Go Ahead, Run Your Own Mail Server!

What, Are You Chicken?

I have a confession to make. In the year 2025, I’m still running my own mail server.

I’ve been an internet nerd for a long time (My first link was a 1200 baud Hayes, IYKYK), and for the majority of that time I’ve run my own mail server. First it was on a SunOS-based Sparc 10, then on a Solaris server, followed by OpenBSD, and for many years now on Linux. For the vast majority of those years, a common refrain has echoed across the newsgroups and social media: “If you run your own mail server, you’re crazy.” This refrain is grounded in reality - there’s a number of well-documented reasons to not run one. It’s difficult. It costs more than free email elsewhere. You will never hope to match the security and reliability of Google or Microsoft’s global systems and their thousands of full-time, round-the-clock security staff.

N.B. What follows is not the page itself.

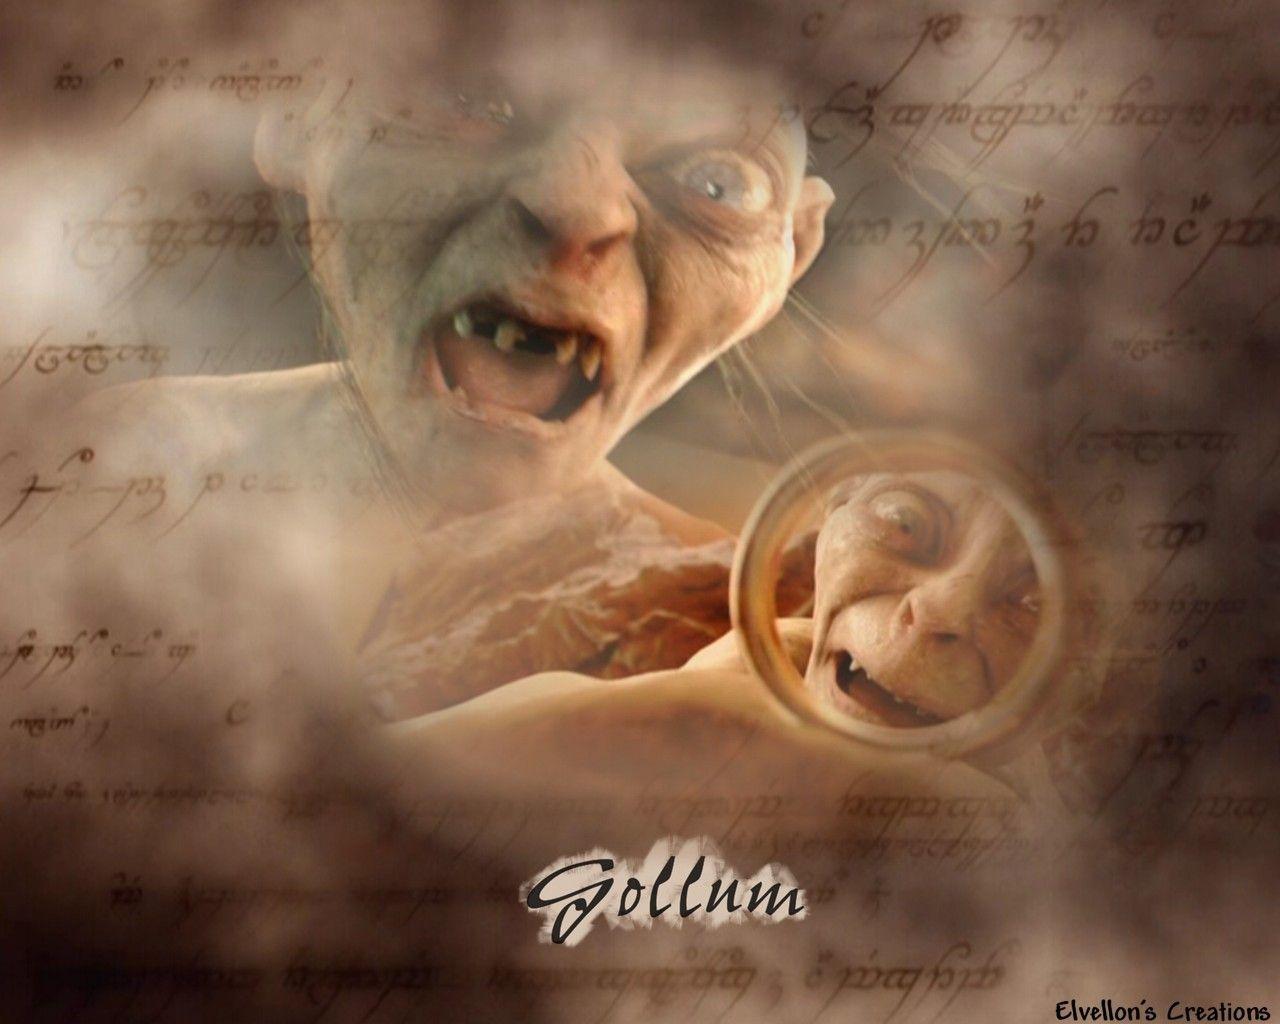 Smeagol Gollum Image Gollum HD Wallpaper And Background Photo

Stay tuned, though - if you're early in your career and want to learn cybersecurity, or even later in your career and enjoy a fun challenge, I think running a mail server has some real benefits nobody is telling you about.

Cybersecurity is not an entry-level job.

It’s a common complaint on social media today: “Where are all the entry-level cybersecurity jobs we were promised?” While I can’t speak to the promises that have been made, I have an answer: They were always only half of the story. The truth is that you can take classes, get training, and learn cybersecurity skills, but cybersecurity as a field isn’t entry-level. You have to know how things work to be a good Security Engineer. That means learning how systems interact with one another, not just in isolation. Understanding how systems connect to the network, how they authorize, how they work, and how they fail is all key to really being able to prioritize and implement effective security for those systems.

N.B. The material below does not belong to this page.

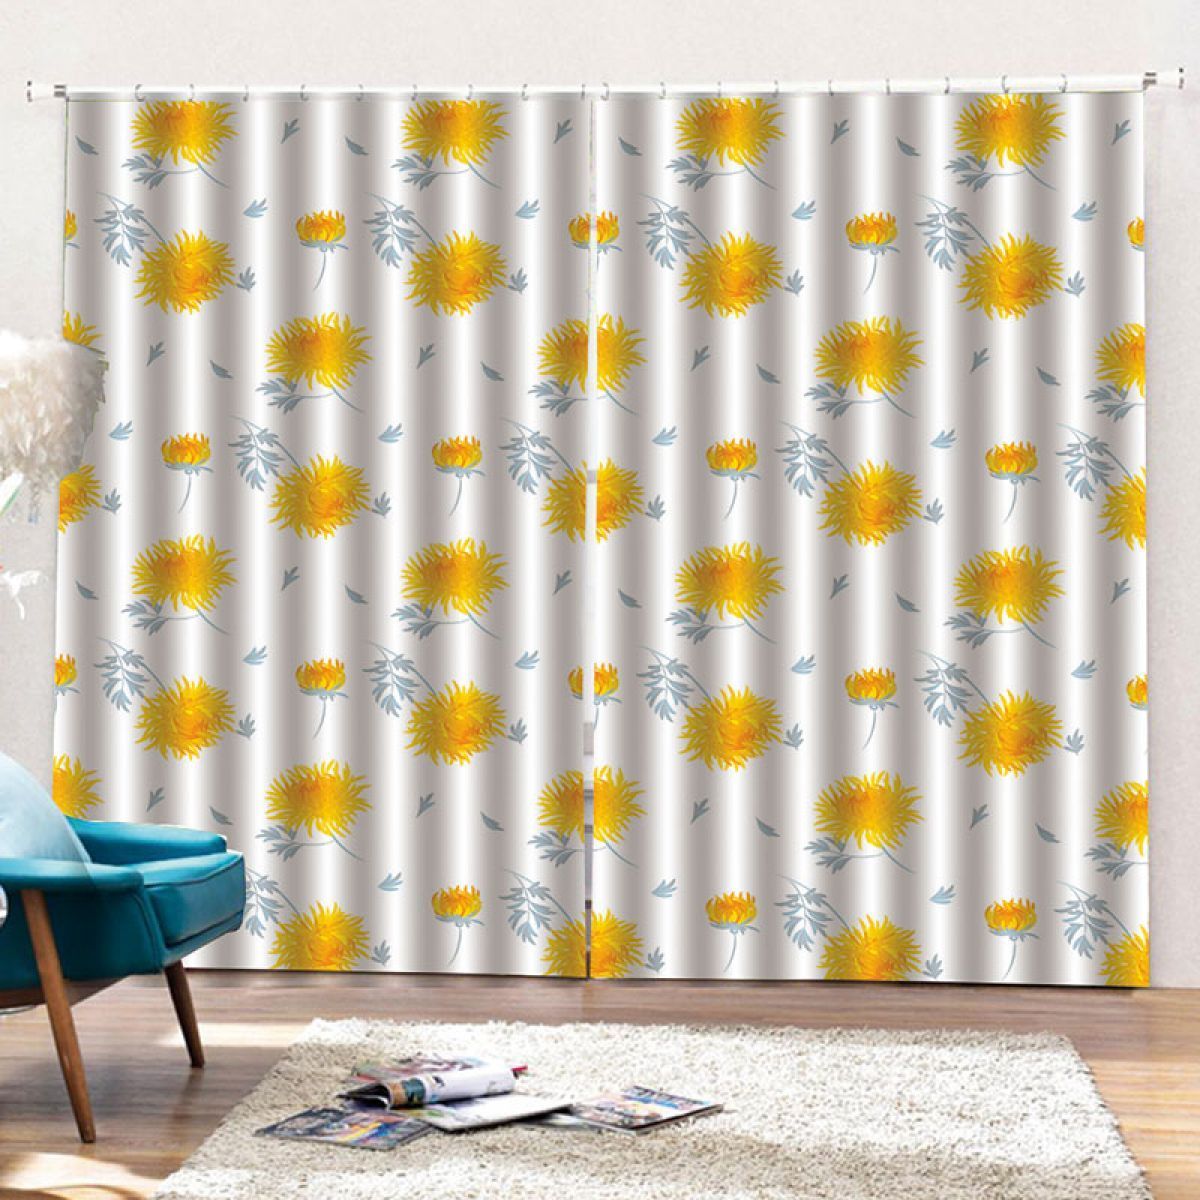 chrysanthemum yellow and white printed window curtain home decor 2100

What does this have to do with mail servers?  Well, quite a lot. The missing link in the entry-level cybersecurity job conundrum is how to get the experience in understanding complex systems without having the job first? The answer: you run some complex systems. Running a mail server is a great way to put a lot of basic system administration, network administration, and security skills into practice. A mail server that can send, receive, and give you (and only you) access to your email is a complex interdependent system. Add on the requirement “only the email I want to receive,” and you’ve tacked on a ton of other layers!

The Basics:   Let’s take a look at the various protocols, RFCs, and layers involved in running a mail server.

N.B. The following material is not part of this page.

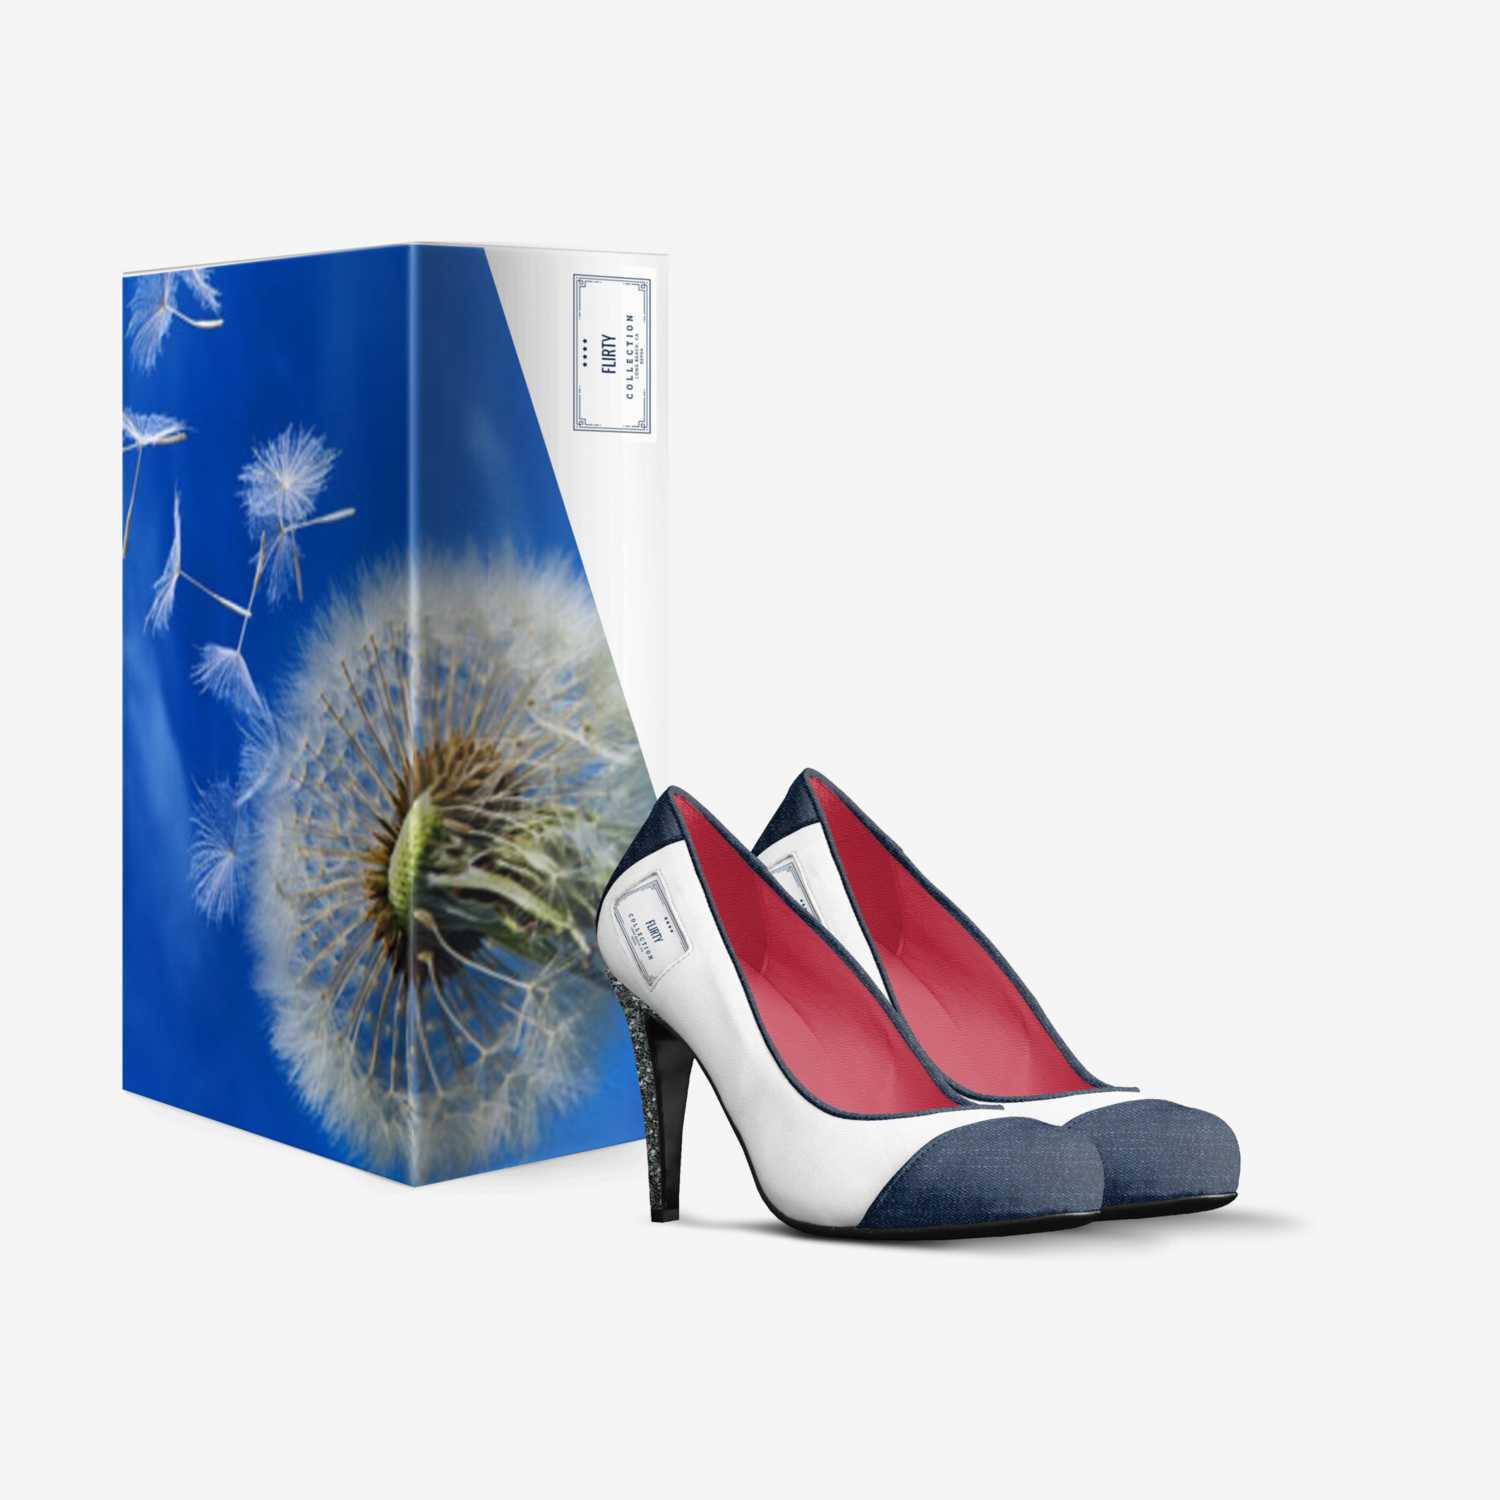 Flirty custom made in Italy shoes by Moffatt Gordon | Box view

  1. Operating Security fundamentals.
  1. You need a foundation before building the house, so you must install, manage, and secure the OS.
  1. Networking fundamentals (RFC# 791, 768, 9293, 1122, 1123)
  1. Email is a connected system. You’ll need to learn how to put your operating system online, configure it correctly, and keep it available.
  1. DNS (RFC# 1034, 1035)
  1.  How will people contact you via email? By memorizing your IP address? You need to learn the DNS basics.
  1. SMTP  (RFC# 5321, 5322, 2045, 2046, 2047, 2048, 2049)
  1. The heart of the beast. You’ll need to learn how it works as you set things up.
  1. IMAP or POP (RFC# 9051, 9590, 9738)
  1. Just receiving and sending emails isn’t any good if you can’t read them. You’ll need a way to download it to a client, serve it over the web, or otherwise interact with it.

Beyond the Basics: Getting it up and running is only the beginning. To make it secure and reliable, you get to play with a whole bunch of other things!

  1. SPF, DMARC, and DKIM (RFC# 7208, 6376, 7489 and 2505 for kicks)
  1. Once you have your email server sending email, you’ll likely find out that not many people want to accept it from you. Their logic goes - any server that’s not known-trustworthy is probably a spam engine. To earn some trust, you need to go back and learn more about how SPF (Sender Policy Framework), DMARC (Domain-based Message Authentication, Reporting, and Conformance), and DKIM (Domain Key Identified Mail) work. This is going to require some more advanced DNS work. Special thanks here to learndmarc.com (with whom I have no affiliation) for being a GREAT resource to trial-and-error your way through to the correct setup.
  1. Firewall policy (RFC# 2979, 7288, 3093)
  1. That shiny new server you’ve got on the internet won’t be lasting long unless you start implementing some host and/or network-based firewalls!
  1. Identity and Authorization (RFC# 6749, 6750, 7636)
  1. A simple username and password might work for a little while. You’re eventually going to have more authentication needs, especially if you let a friend or family member use your domain. You get to look into OAUTH, second factors, etc.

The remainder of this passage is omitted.